Автор, как продукт этой искусственности, не может быть искренним, ведь сама его связь с формой отрицает беспримесную честность бесформенного. Дилемму эту исследовал в свое время Хельмут Плесснер. Плесснер считал, что человек принципиально иначе ориентирован в среде своего обитания, чем животное. Животное живет в центре своей среды, «здесь и теперь». Человек же смещен по отношению к этому центру и занимает в собственном мире эксцентрическое, боковое положение. Плесснер писал: «В качестве Я, делающего возможным полную обращенность живой системы к самой себе, человек находится уже не в "здесь"--"теперь", но "позади" него, позади самого себя, как неуместный нигде, в ничто, претворенный в ничто, в пространственно-временное нигде-никогда. Неуместный нигде и вневременной, он делает возможным переживание самого себя, как переживание своей неуместности, как нахождение снаружи самого себя...» Эксцентрическая позиционная форма позволяет человеку видеть себя со стороны, и результатом этой странной позиции является крайняя искусственность его экзистенции.
«Искусственность в поступках, мыслях и мечтах есть то внутреннее средство, благодаря которому человек как живое природное существо приходит в согласие с самим собой», -- писал Плесснер. Искусственность – это реакция на мучительное самосознание своей «неуместности», на стыд, вызываемый публичностью.

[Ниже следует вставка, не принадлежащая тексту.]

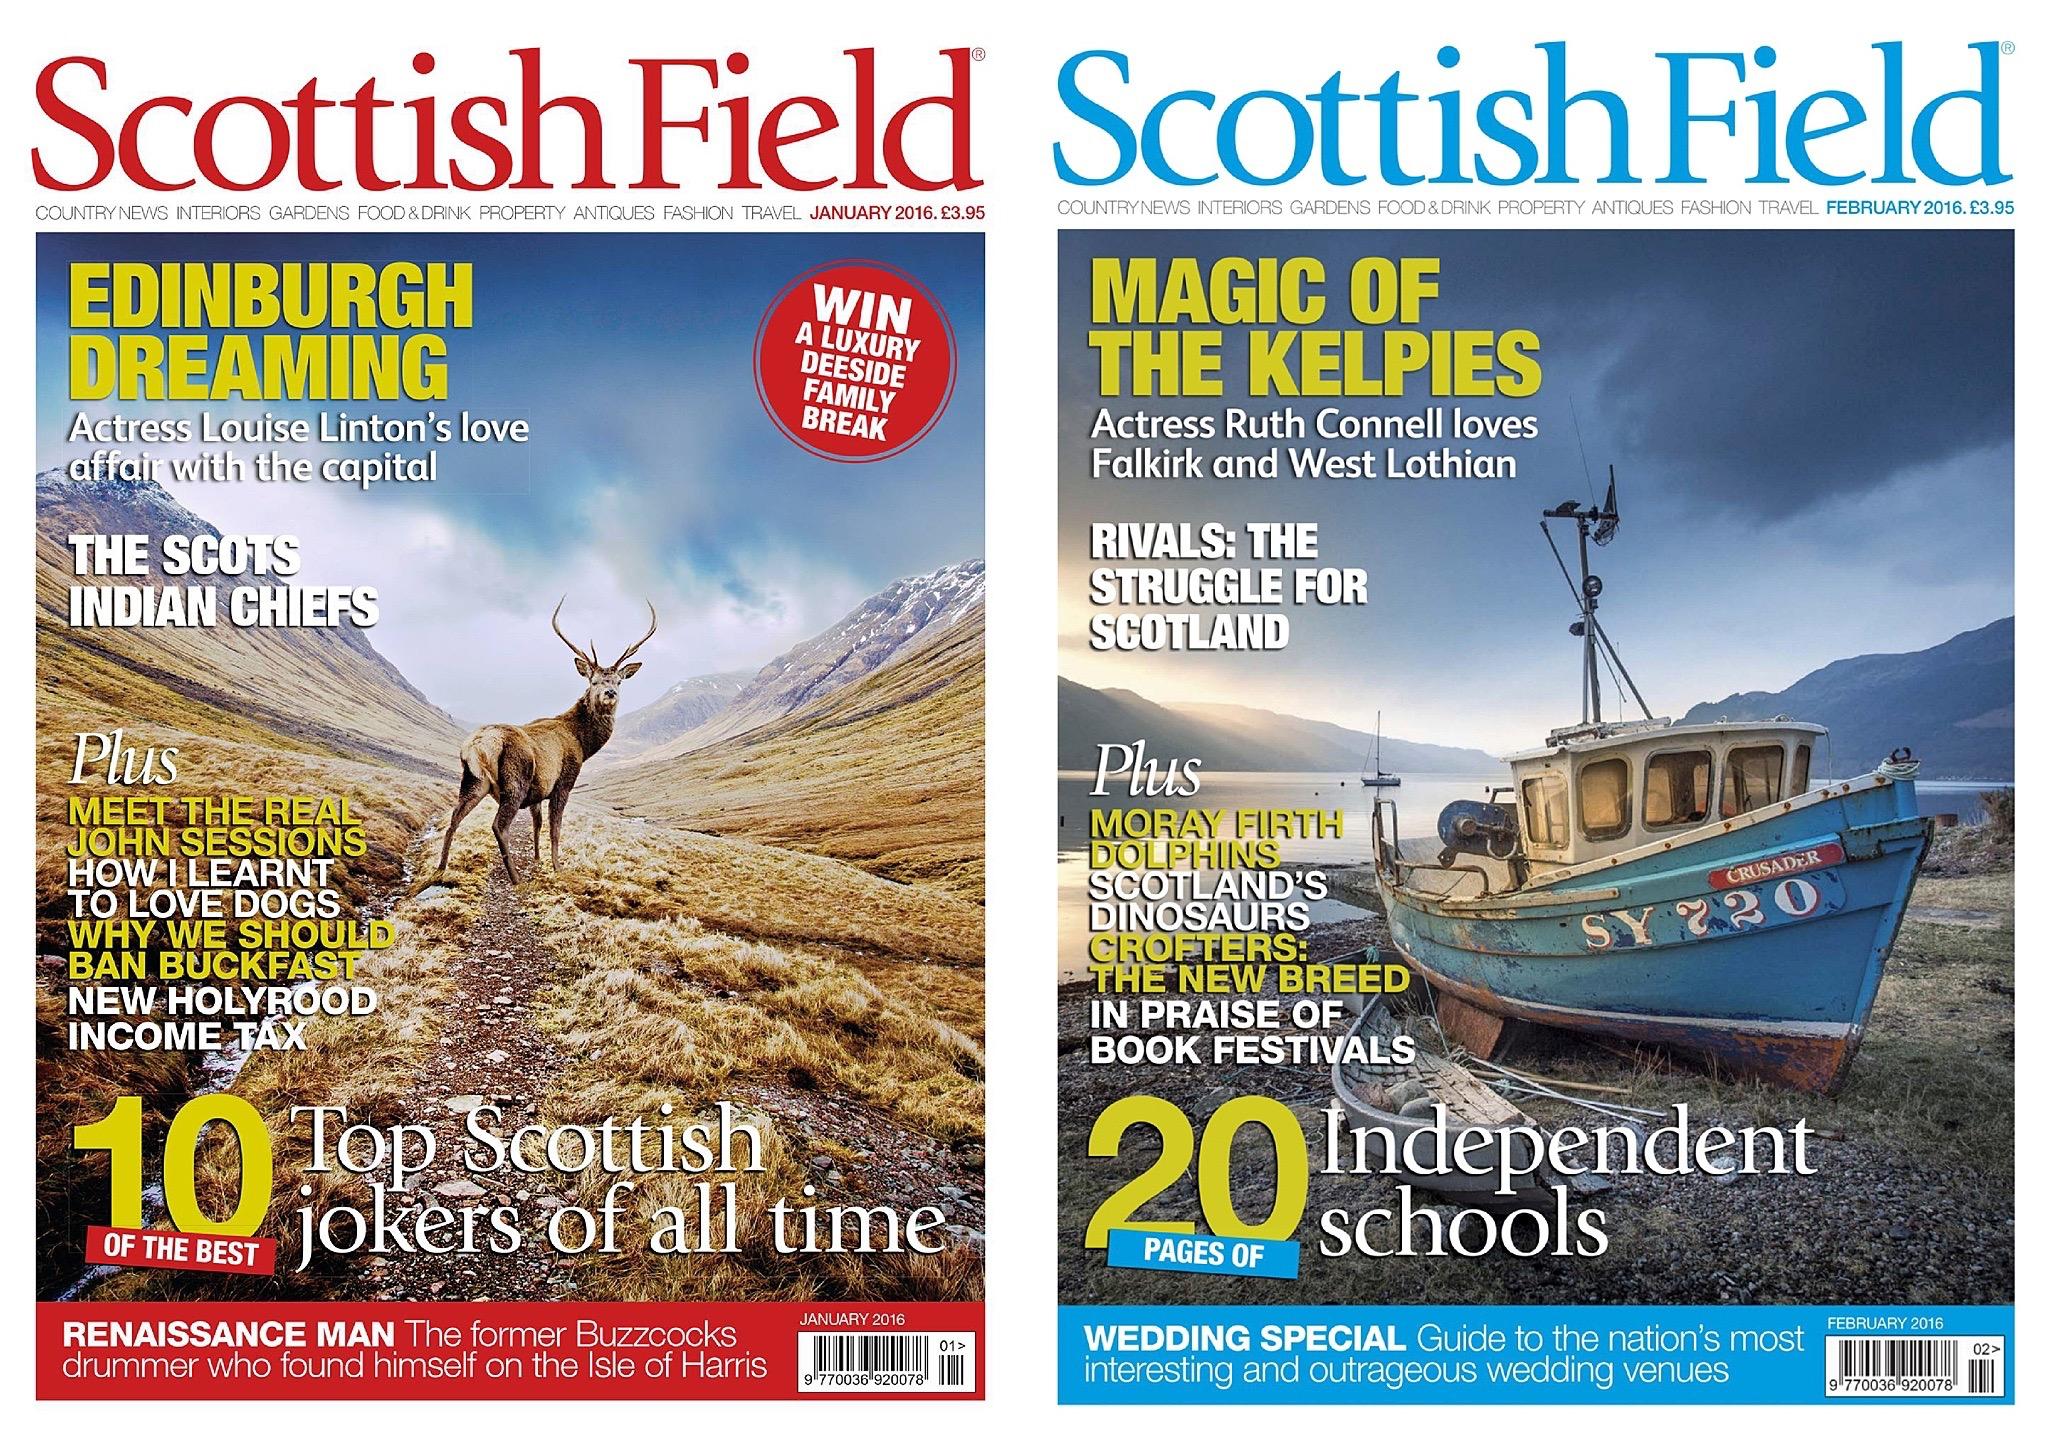 Scottish Field - Publication - article - dossier - presse

И действительно, если вернуться к виньетке «А поворотись-ка, сынку!», то генезис виньеточной искусственности становится отчетливо видным. Автор стоит в самой унизительной позе, к тому же в окружении множества людей, несомненно испытывая ощущение крайней «неуместности». Остроумная реплика, которую он подает, позволяет ему дистанцироваться от происходящего и занять по отношению к себе самому позицию внешнего иронического наблюдателя. Остроумие, придает бесформенности неуместного, законченность. Оно трансформирует аморфность жизни в факт культуры, оказывающейся той искусственной сферой обитания, в которой человек в состоянии жить с самим собой. Омри Ронен в состоянии вспомнить об аналогичной истории в своей жизни только потому, что и ее он подверг остраняющей виньетизации. То, что Достоевский превратил бы в объект описания и рефлексии (состояние униженности), виньетчик превращает в искусственное, авторское образование, предмет оттачивания и полировки. Человек Достоевского превращается в автора виньетки. Всюду, где человек в наготе своей неуместности рискует оказаться смешным, возникает маскарад, подменяющий действователя автором. Нарциссизм оказывается прямым продуктом осознания того, что ты в своей наготе отражаешься в зеркале других, -- как заметил по этому поводу немецкий историк культуры Хельмут Летен.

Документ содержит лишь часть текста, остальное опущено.